Existing vision encoders for robotics face a fundamental bottleneck: robotic datasets lack the scale necessary for large-scale pre-training. Prior work circumvents this data scarcity by turning to internet-scale image and language data or egocentric human video. While these models show promise, neither paradigm learns from paired vision and action data, which downstream visuomotor control policies require. However, robot trajectories, the most direct source of this paired signal, are not available at pre-training scale, motivating us to extract action signals from abundant human video instead.
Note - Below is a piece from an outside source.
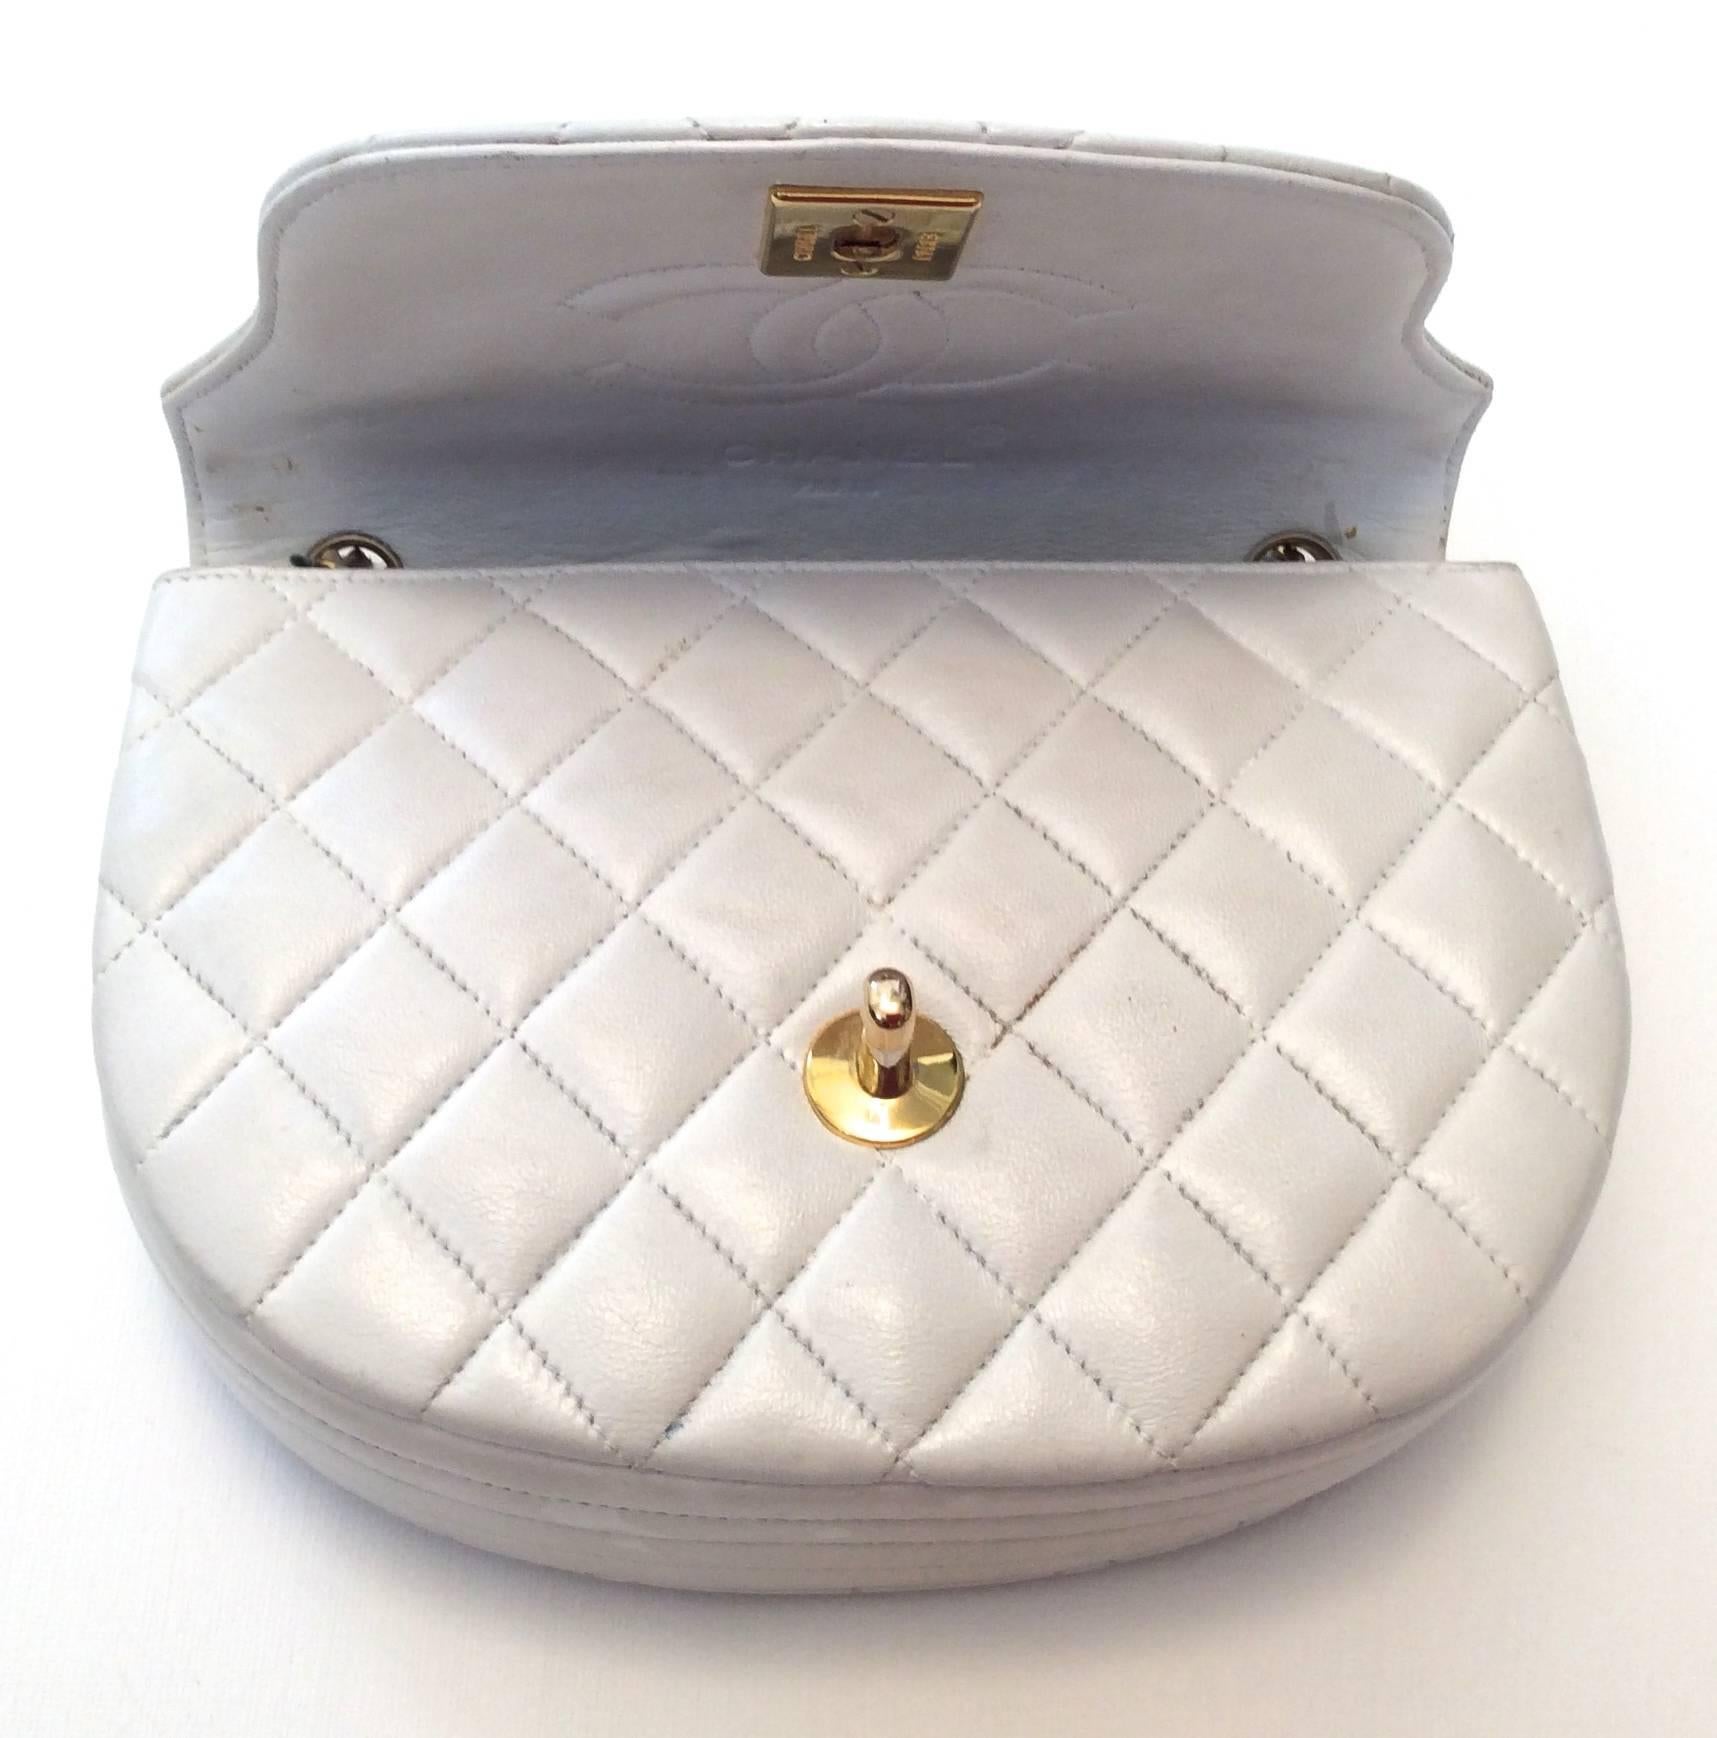 Presented here is a beautiful Chanel mini classic purse. The purse is white leather with gold hardware. The bag has the iconic CC clasp on the front flap to close the bag. On the interior flap of the bag, the bag is signed with a stitched in CC logo

To this end, we introduce CAIP (Contrastive Action-Image Pre-training), a vision encoder that treats human hand poses from large-scale egocentric video as a proxy for end-effector actions. By extracting 3D hand keypoints, a representation that aligns naturally with downstream robot action spaces, CAIP learns a unified action-image representation through a contrastive objective. Leveraging 32,041 hours of egocentric human video and only 88 hours of robotic manipulation data, CAIP outperforms state-of-the-art vision encoders including DINOv2, SigLIP, MVP, and R3M. Evaluated on a challenging real-world dexterous manipulation setup using Dexmate Vega and Sharpa Wave hands, CAIP yields performance gains of more than 30% on tasks involving folding, pouring, and fine-grained manipulation. Our results show that our method of contrastive action-centric pre-training yields a scalable path to achieving robust visual representations better suited for physical interaction.

翻译：现有面向机器人应用的视觉编码器面临根本瓶颈：机器人数据集缺乏大规模预训练所需的数据规模。先前研究通过转向互联网规模的图像与语言数据或以自我为中心的人类视频来规避数据稀缺问题。尽管这些模型展现出潜力，但两种范式均未利用配对视觉-动作数据进行学习——而这正是下游视觉运动控制策略所需的关键信号。然而，最直接的配对信号来源（机器人轨迹）在预训练阶段尚不可得，这促使我们从丰富的人类视频中提取动作信号。为此，我们提出CAIP（对比式动作-图像预训练），这是一种将大规模自我中心视频中的人类手部姿态视为末端执行器动作代理的视觉编码器。通过提取三维手部关键点（一种与下游机器人动作空间自然对齐的表征），CAIP借助对比学习目标学习统一的动作-图像表征。利用32,041小时自我中心人类视频与仅88小时机器人操作数据，CAIP在性能上超越DINOv2、SigLIP、MVP及R3M等最先进视觉编码器。在使用Dexmate Vega与Sharpa Wave机械手的现实挑战性灵巧操作评估中，CAIP在涉及折叠、倾倒及精细操控的任务上取得超过30%的性能提升。实验结果表明，我们提出的以动作为中心的对比式预训练方法，为实现更适配物理交互的鲁棒视觉表征提供了可扩展路径。